If you are a casual ChatGPT user asking it to draft emails, the short answer is no, not yet. Speciale is API only, skews toward hardcore reasoning tasks, and is not designed to replace a conversational assistant. But if you are a developer, a startup founder working with tight margins, or an enterprise team running high volume AI workloads, DeepSeek V3.2 is worth a serious look. The cost profile alone could rewrite budgets, and the open source angle gives you control that closed models simply do not offer. One thing is now beyond dispute. DeepSeek is back, it is serious, and the conversation about who leads in AI just got a lot more interesting.

Frequently Asked Questions

What is DeepSeek V3.2?

DeepSeek V3.2 is the latest flagship artificial intelligence model from Chinese AI lab DeepSeek. It comes in two versions, a standard V3.2 that powers the DeepSeek app and web interface, and a higher compute V3.2 Speciale variant available through the API and focused on deep reasoning tasks.

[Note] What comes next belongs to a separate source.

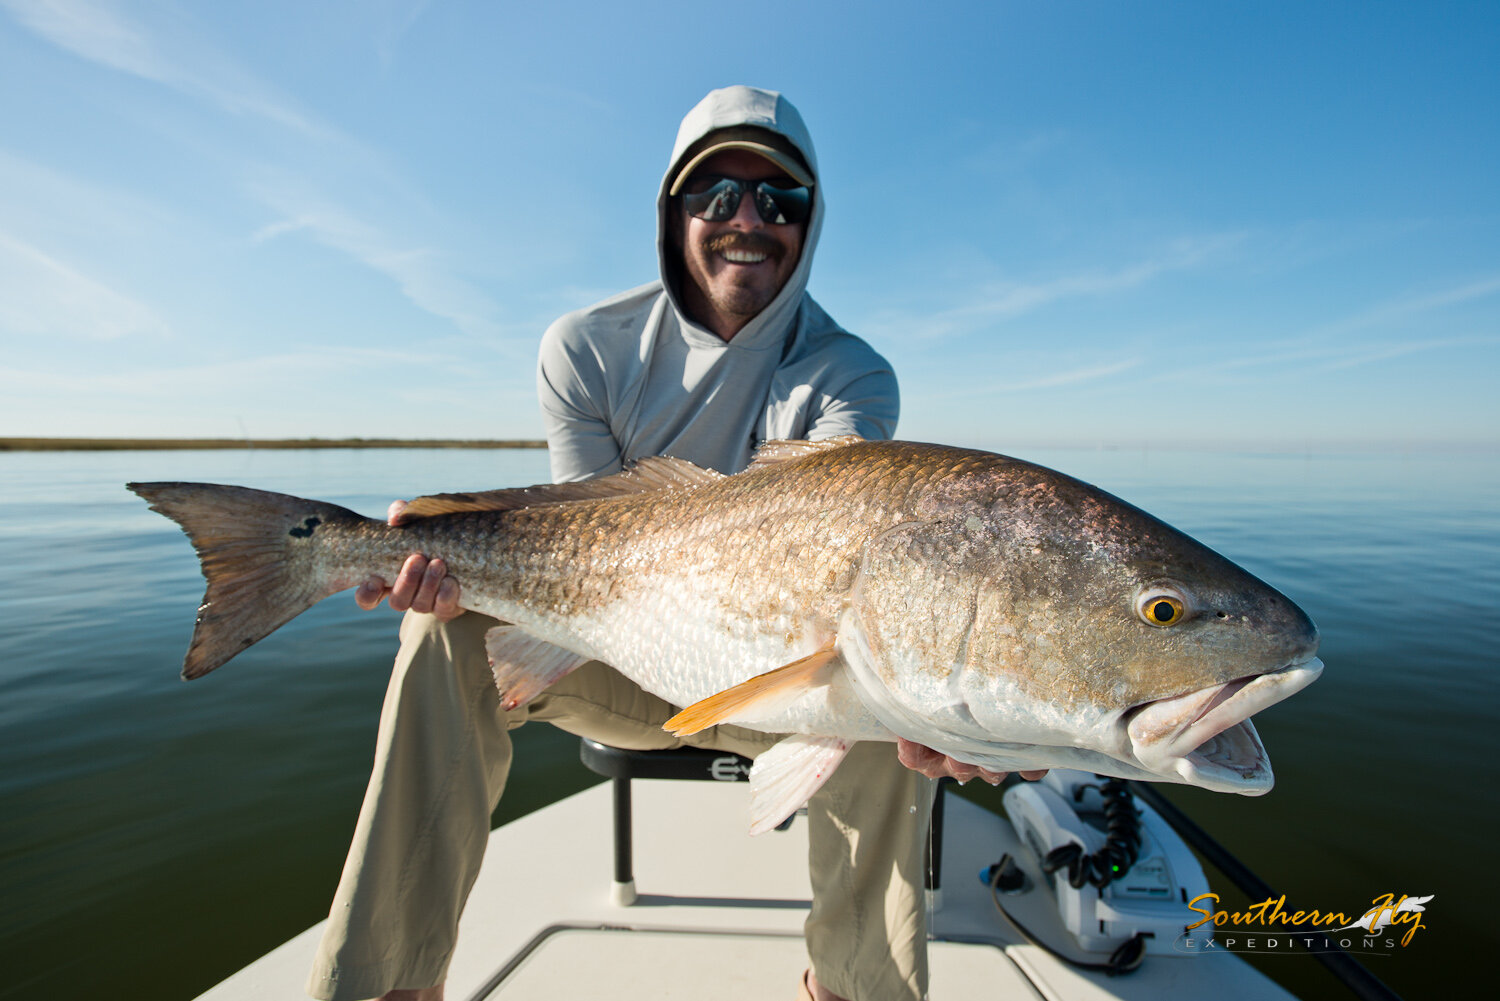 2019-11-24_SouthernFlyExpeditions_NewOrleans_TomHamiltonGroup-Harvey-8.jpg

Does DeepSeek really beat ChatGPT and Gemini?

DeepSeek V3.2 Speciale outperforms GPT-5 and Gemini 3 Pro on several specific benchmarks including AIME 2025, HMMT, Codeforces, and live math and coding olympiads. However, Gemini 3 Pro still leads on some tests like Humanity’s Last Exam and SWE Verified, so the picture is competitive rather than a clean sweep.

Is DeepSeek V3.2 open source?

Yes. DeepSeek has released the weights for both V3.2 and V3.2 Speciale on Hugging Face under a permissive open source license, meaning developers and researchers can download, inspect, and run the models on their own infrastructure.

How much cheaper is DeepSeek compared to ChatGPT and Gemini?

According to DeepSeek, the Speciale variant produces output tokens at roughly 25 to 30 times lower cost than GPT-5 and Gemini 3 Pro on comparable tasks, though it also tends to use more tokens per answer, which narrows the real world savings on some workloads.

Can I use DeepSeek V3.2 in the United States?

Yes. The DeepSeek app is available to US users, and the open weights can be downloaded and run locally by anyone. That said, users and businesses should be mindful that data sent to DeepSeek’s hosted API may be processed on servers in China, which raises privacy and compliance questions for sensitive use cases.

What are the limitations of DeepSeek V3.2 Speciale?

Speciale is powerful but narrow. It does not currently support tool use, cannot process images, generates significantly more tokens per response than competing models, and is not optimized for casual conversation. It is best understood as a specialist reasoning engine rather than a general purpose assistant.

Why does this release matter for the US vs China AI race?

The release shows that a Chinese lab operating under strict US chip export restrictions can still produce a model that competes with the best American systems and then open source it for the world to use. That challenges a core assumption behind current US AI policy and signals that the global AI frontier is no longer a two horse race.